Рядом с кроватью аккуратно повешена на плечики серая ветровка вместе с сине-белым шарфом, которым старик обмотал себе лицо, теперь я вижу, что это шарф болельщика, на нем написано «Лександ»[24] и изображен логотип – что-то вроде круга с вписанными в него причудливыми символами.
– Если бы вы с мамой сходили за ним… Или если бы ты не свалил вот так и ему не пришлось бегать в дыму и приводить тебя…
Из-под маски раздается шипение, шелестящий звук работающего насоса, и в этом же темпе едва заметно вздымается и опускается грудь под одеялом.
– Я. Пытался. Вам помочь. – Я говорю медленно, выделяя интонацией каждое слово. – Я. Пытался. О вас позаботиться.
– Где Зак? – спрашивает она так, будто не слышит, будто я кому-то другому это говорил. – Вы его отыскали?
– Мама этим занимается, опрашивает всех.
– Опрашивает? – Тон скорее несчастный, чем язвительный. – Те, с кем он уехал, вы у них номер телефона взяли? А номер машины записали?
Я вздыхаю:
– Милая, была такая спешка. У Зака нога была в крови. Мы запаниковали, и я и мама. Они должны были высадить его в Реттвике.
Она трясет головой:
– Охренеть, какие вы бестолковые. Худшие в мире родители.
Я пожимаю плечами:
– Такие уж мы у тебя. Пойдем, нам пора. Нам выделили домик, где можно переночевать.
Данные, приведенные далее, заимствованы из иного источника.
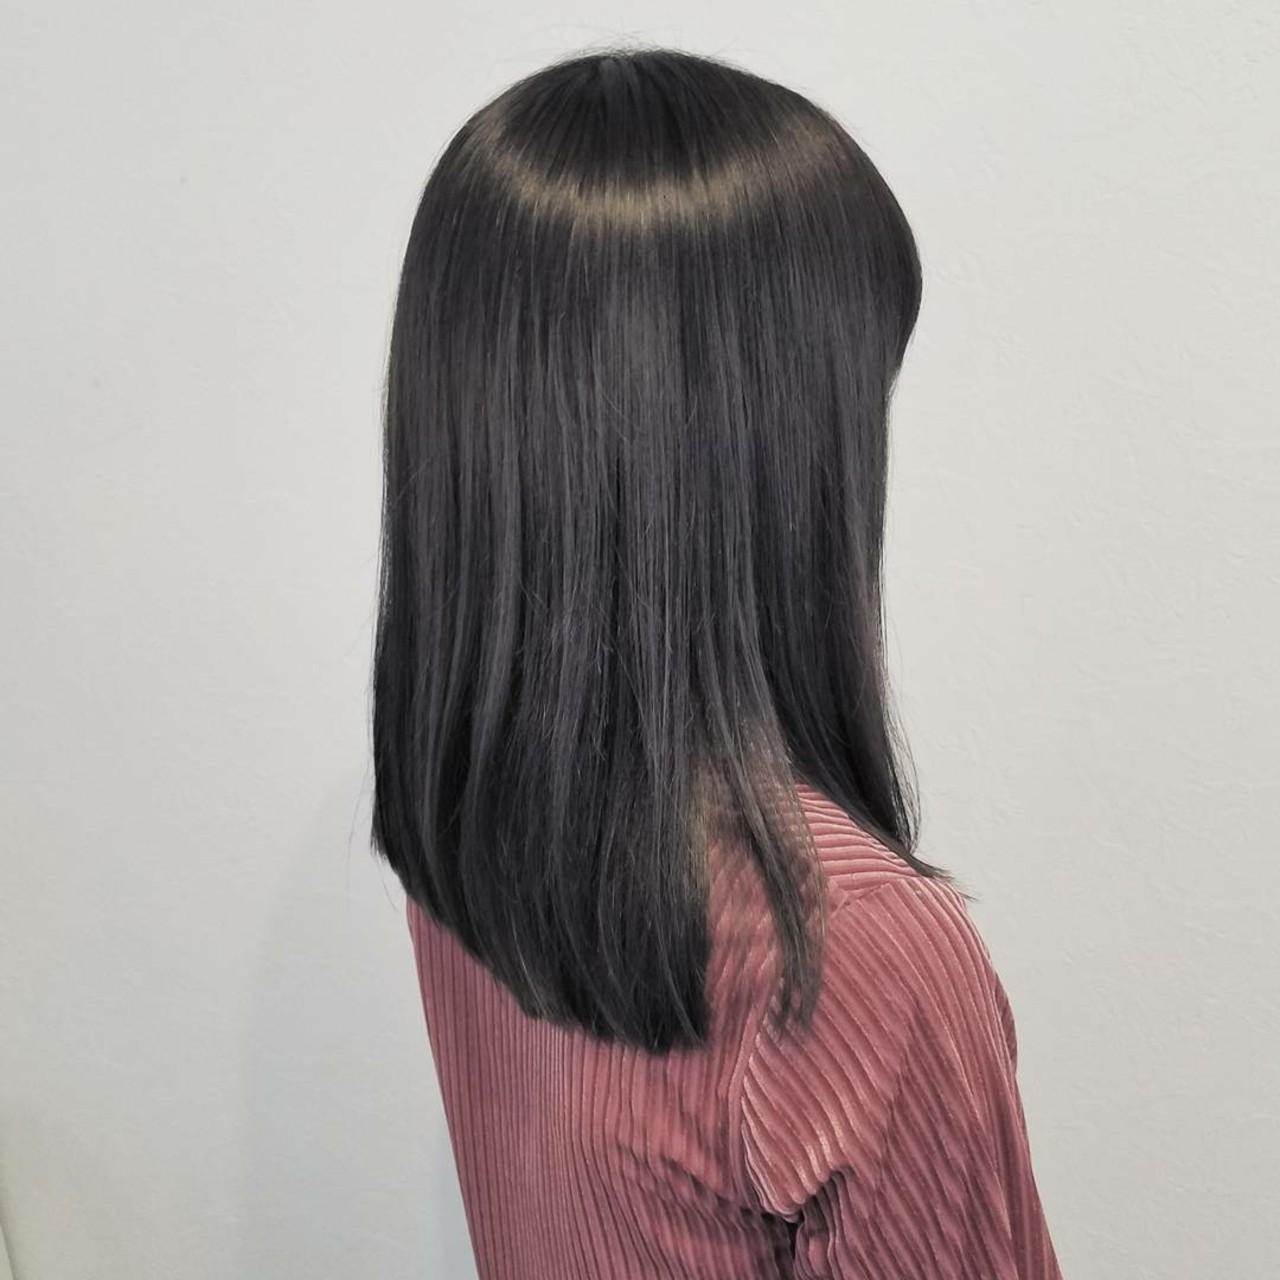 大人かわいい オフィス ナチュラル 秋 ヘアスタイルや髪型の写真・画像 | 浅原 有輝 / rough

К нам подступает одна из медработниц, по лицу видно, что она на пределе.
– Простите, вы кто? Тоже родственник?
Я в замешательстве смотрю на нее:
– Вообще-то… нет, я здесь, чтобы дочь забрать.
Медработница – тощая тетка с никотиновыми пятнами на пальцах, седые волосы коротко острижены – смотрит на нас с озадаченным видом, а потом указывает на старика:
– А она сказала, что это ее дедушка…
Я гляжу на Вилью, она отводит глаза, передо мной вдруг снова маленькая девочка, застигнутая на лжи, и я наконец могу выступить в роли взрослого: подмигиваю понимающе тетке и примирительно улыбаюсь ей, потом кладу руку на худенькое плечо дочери.
– Мы оказались в зоне пожара, а вот этот человек, Мартин, он был с нами, так что у нее случилась небольшая… скажем так, реакция, но это же вполне естественно? Так легко немного растеряться, когда подобное случается, правда?
Она любезно улыбается мне в ответ:
– Ну да, конечно. Это как раз то, чего мы так опасаемся с этими пожарами, не того, что кто-то там сгорит, подобного почти никогда не происходит, разве только очень редко, если кто-то из спасательной службы где-то застрянет… – Она с серьезным видом кивает собственным словам: – Что опасно, так это беспорядок. У людей стресс, они принимают неверные решения, которые приводят к массе ненужных рисков.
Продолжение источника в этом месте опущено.